• _YOUR OBJECTIVE_:
In the material below, the lines between the one holding "Guest Bathroom Decorating" and the one holding "чемпионата Британии пофутболу", inclusive, are to be set down word for word. Pictures stay out.

• _SUPPLIED ENTRIES_:
——————
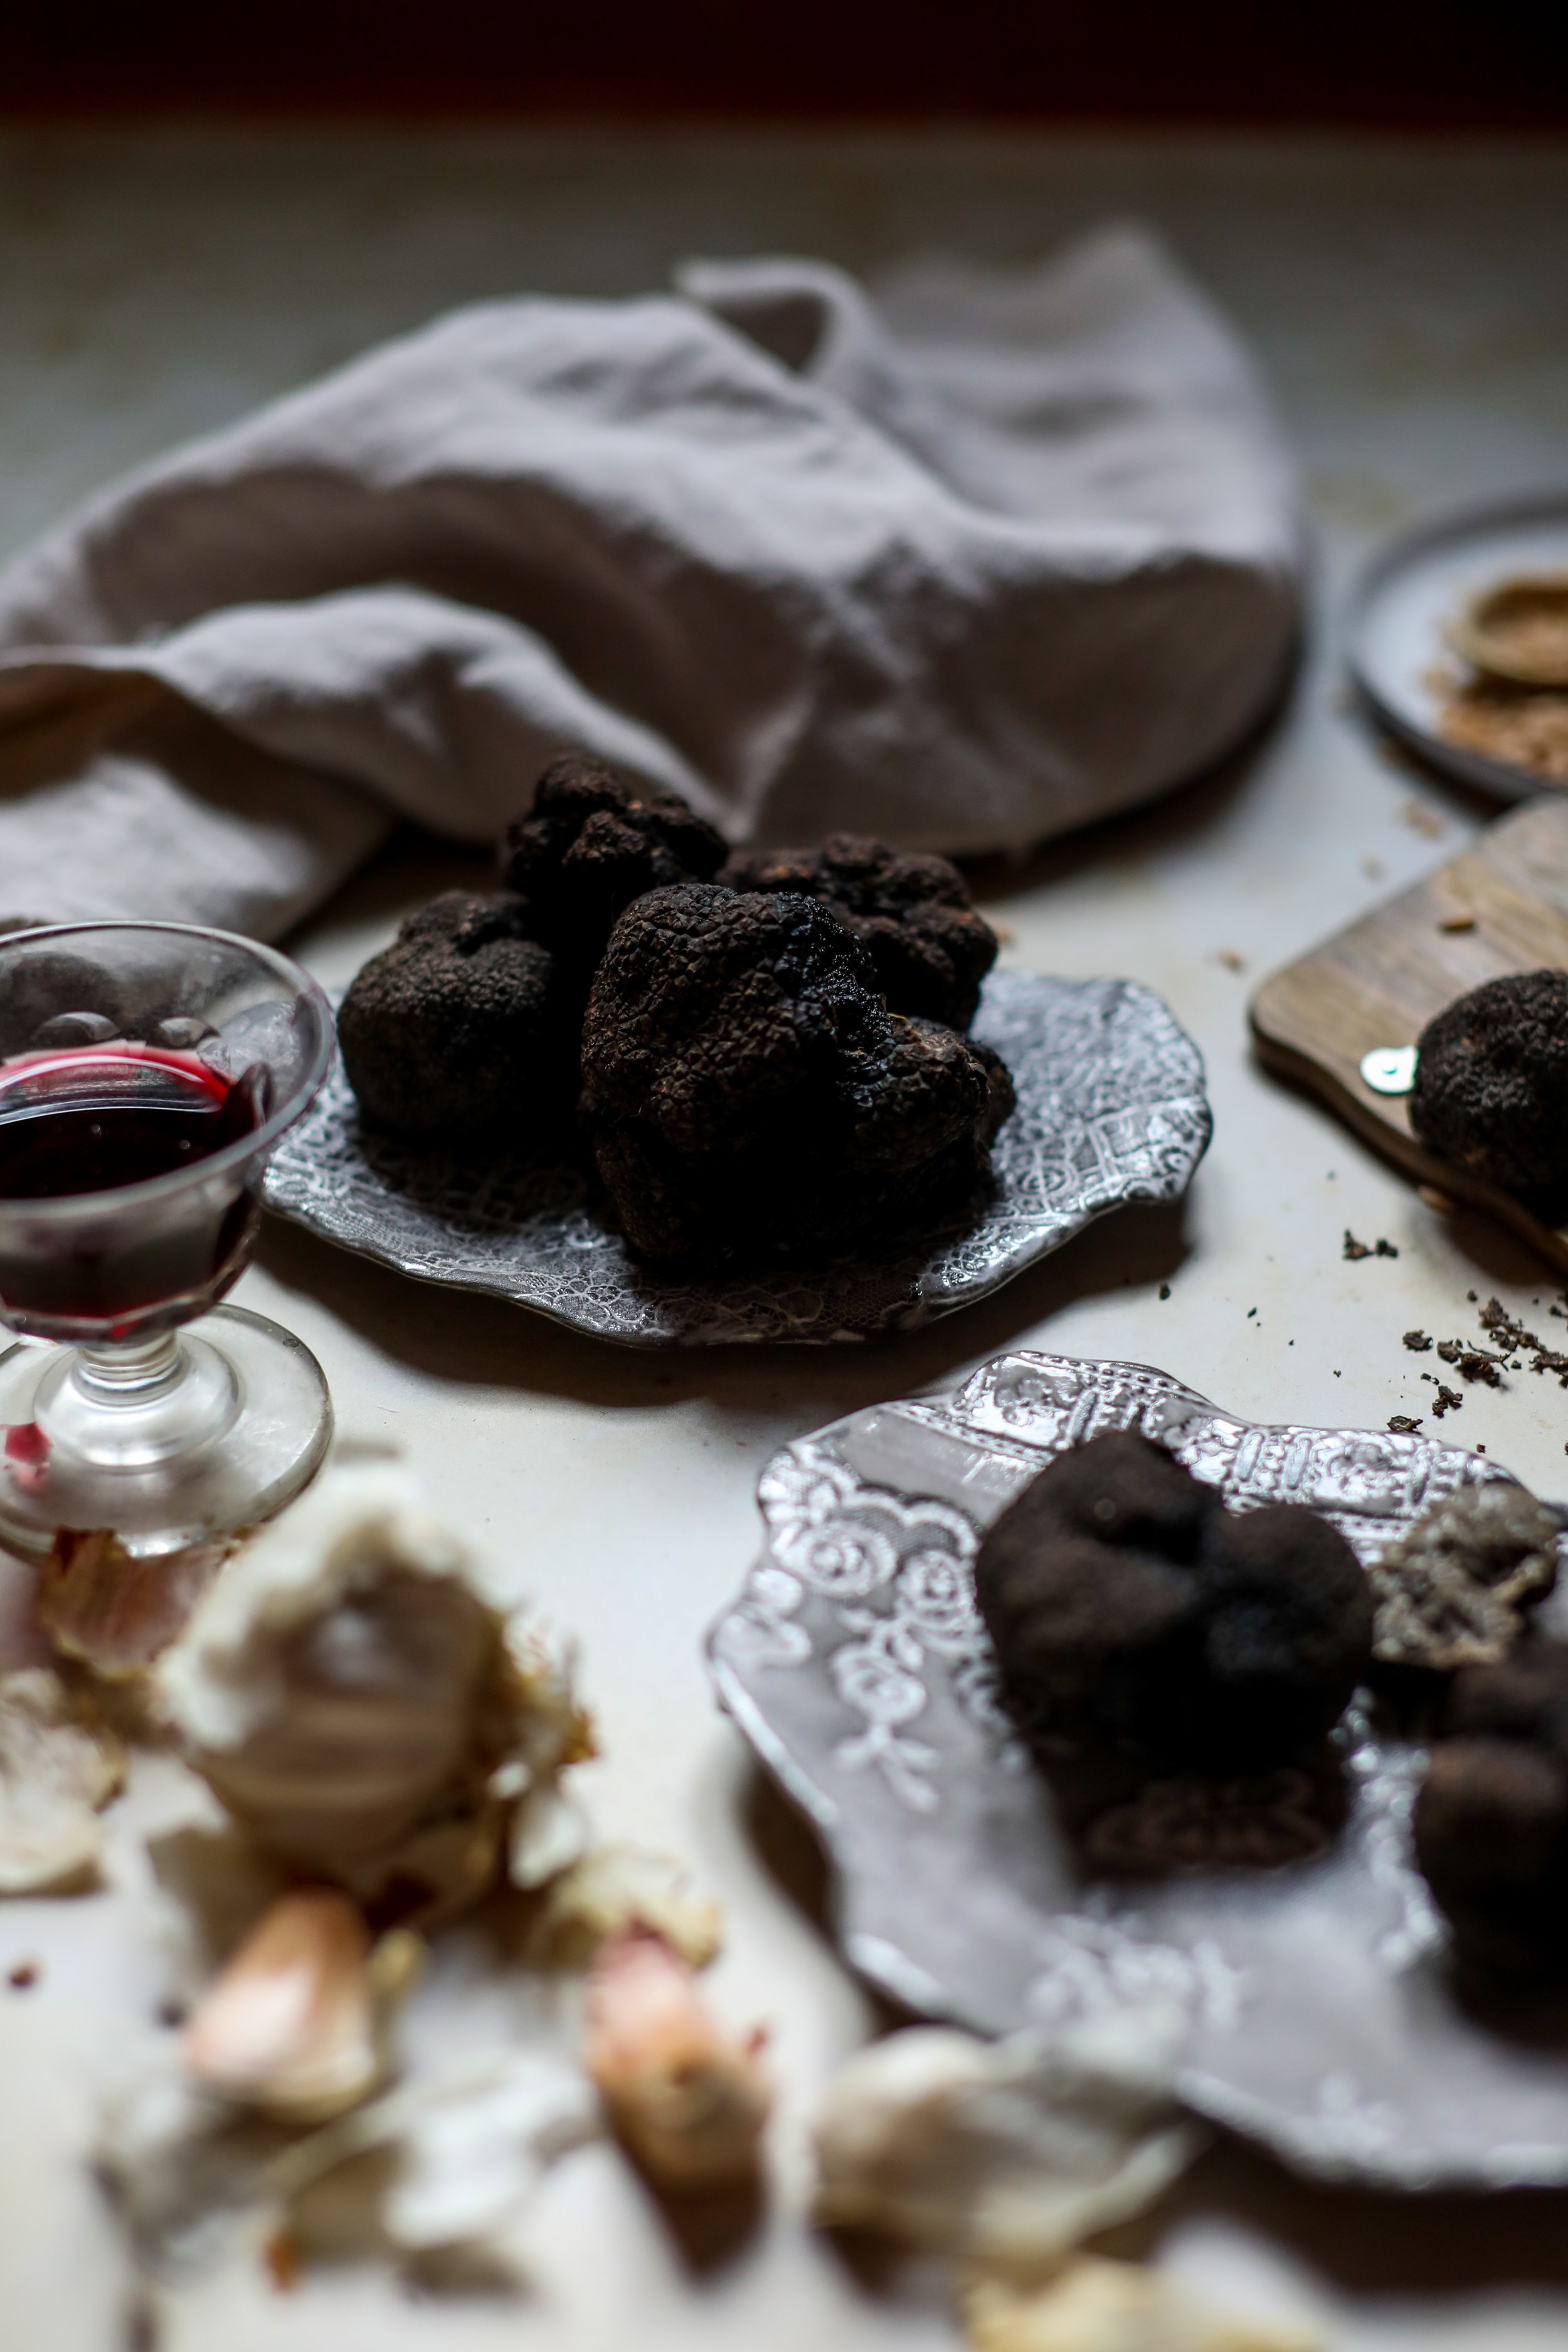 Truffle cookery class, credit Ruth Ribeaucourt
——————
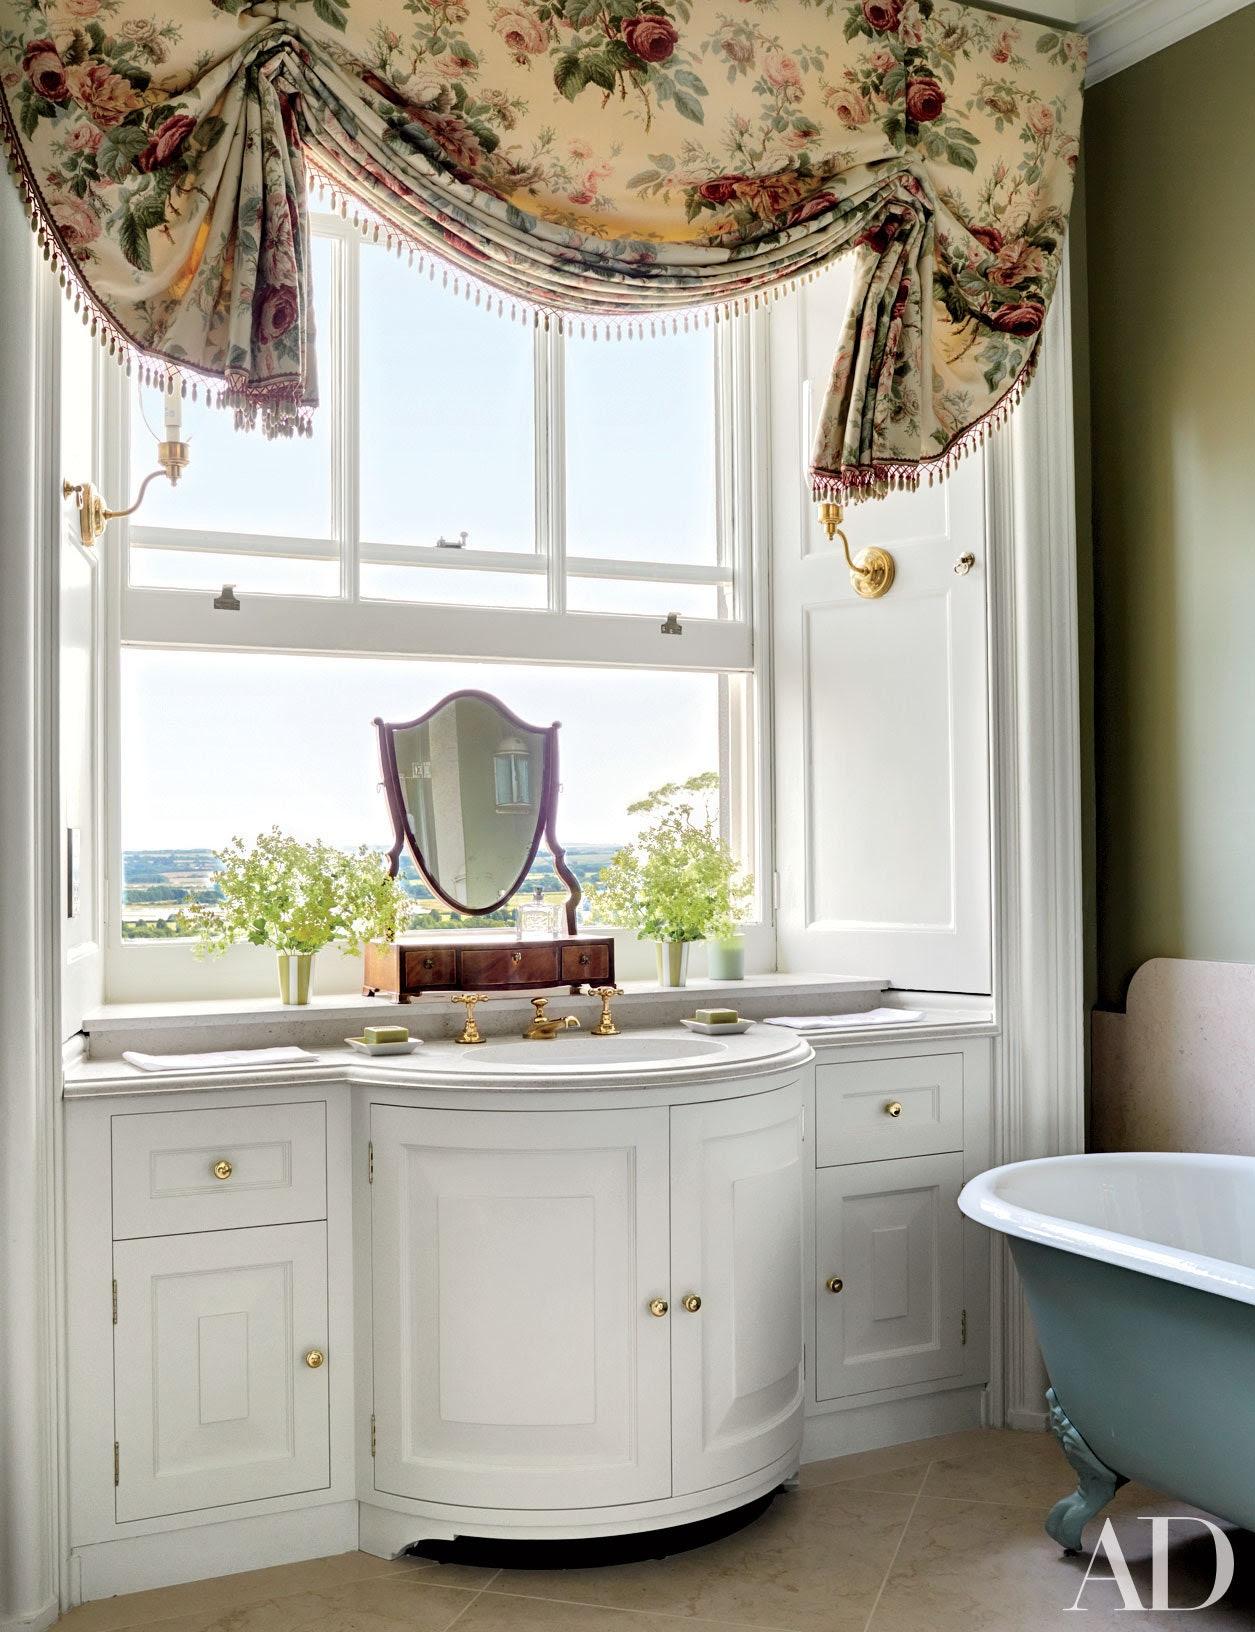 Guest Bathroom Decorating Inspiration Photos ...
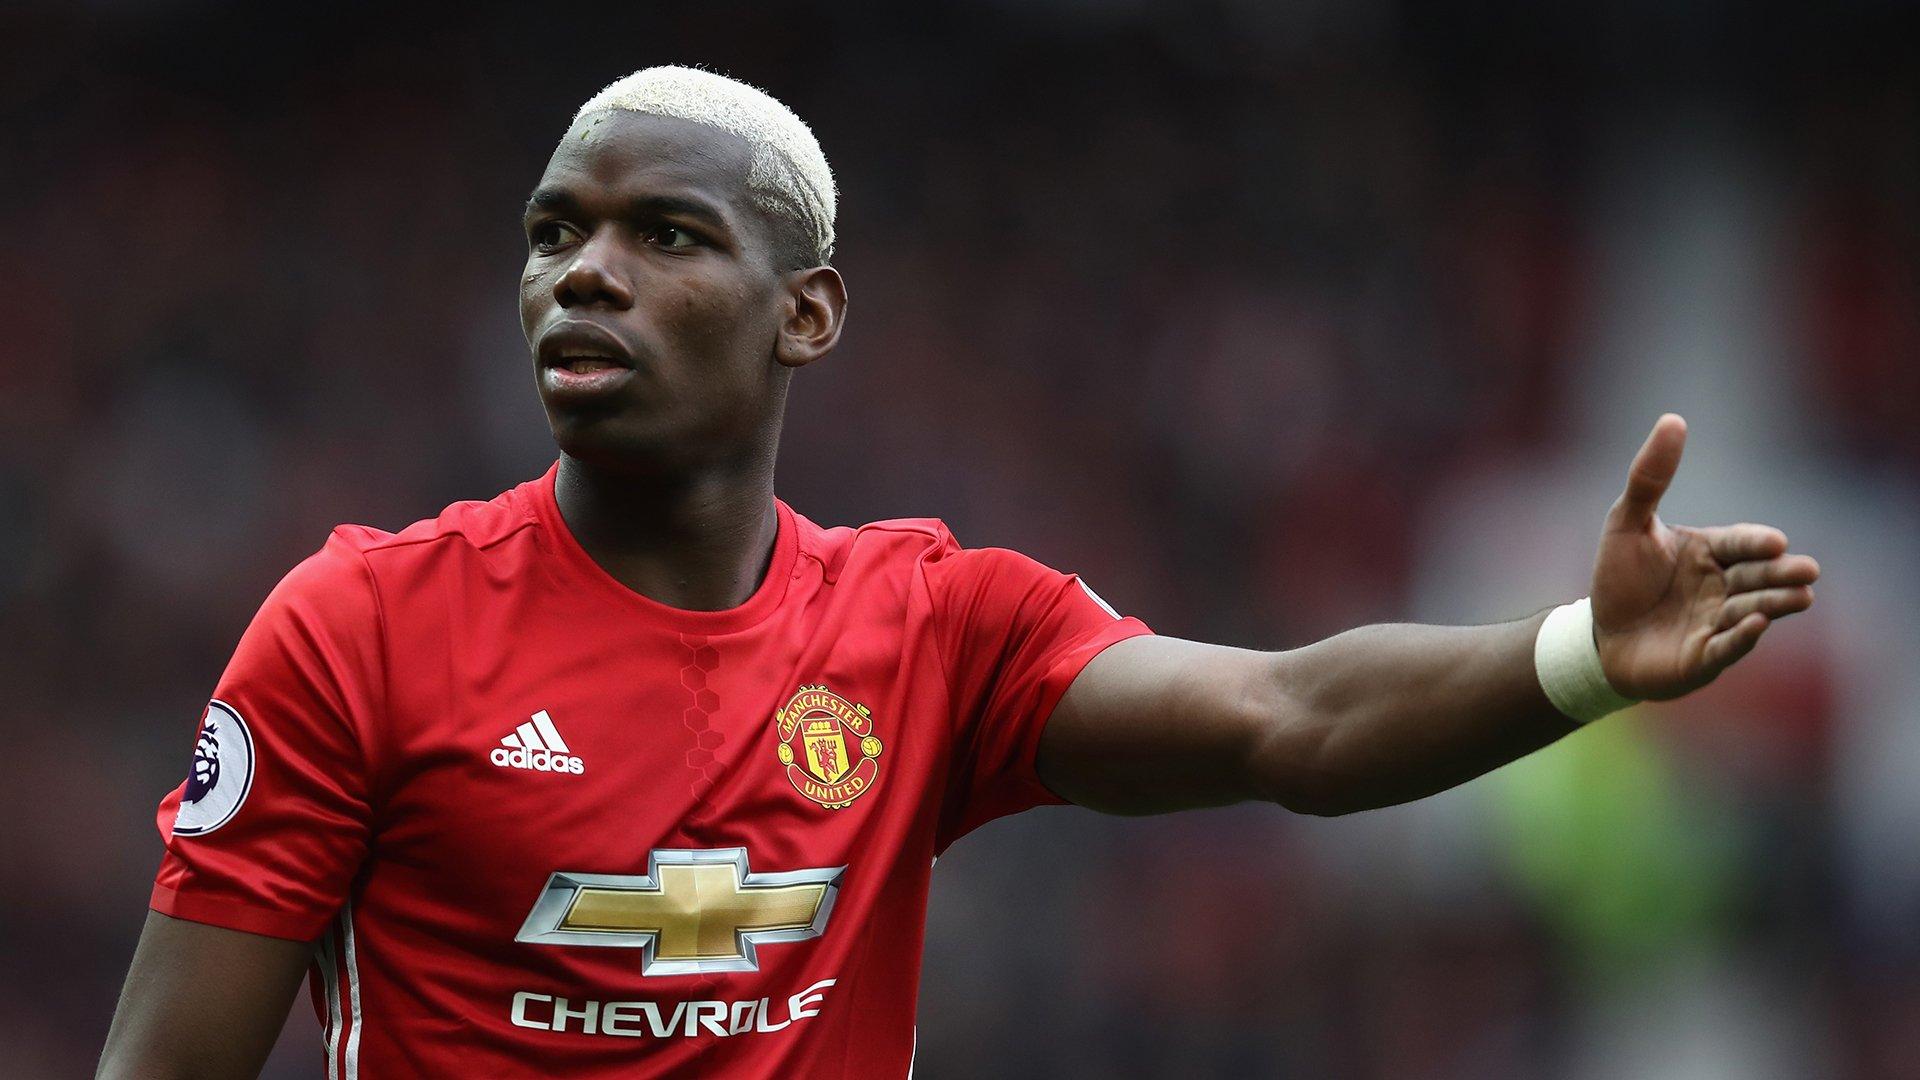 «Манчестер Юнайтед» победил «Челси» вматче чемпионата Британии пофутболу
——————
• _TASK OUTPUT_:
 Guest Bathroom Decorating Inspiration Photos ...
 «Манчестер Юнайтед» победил «Челси» вматче чемпионата Британии пофутболу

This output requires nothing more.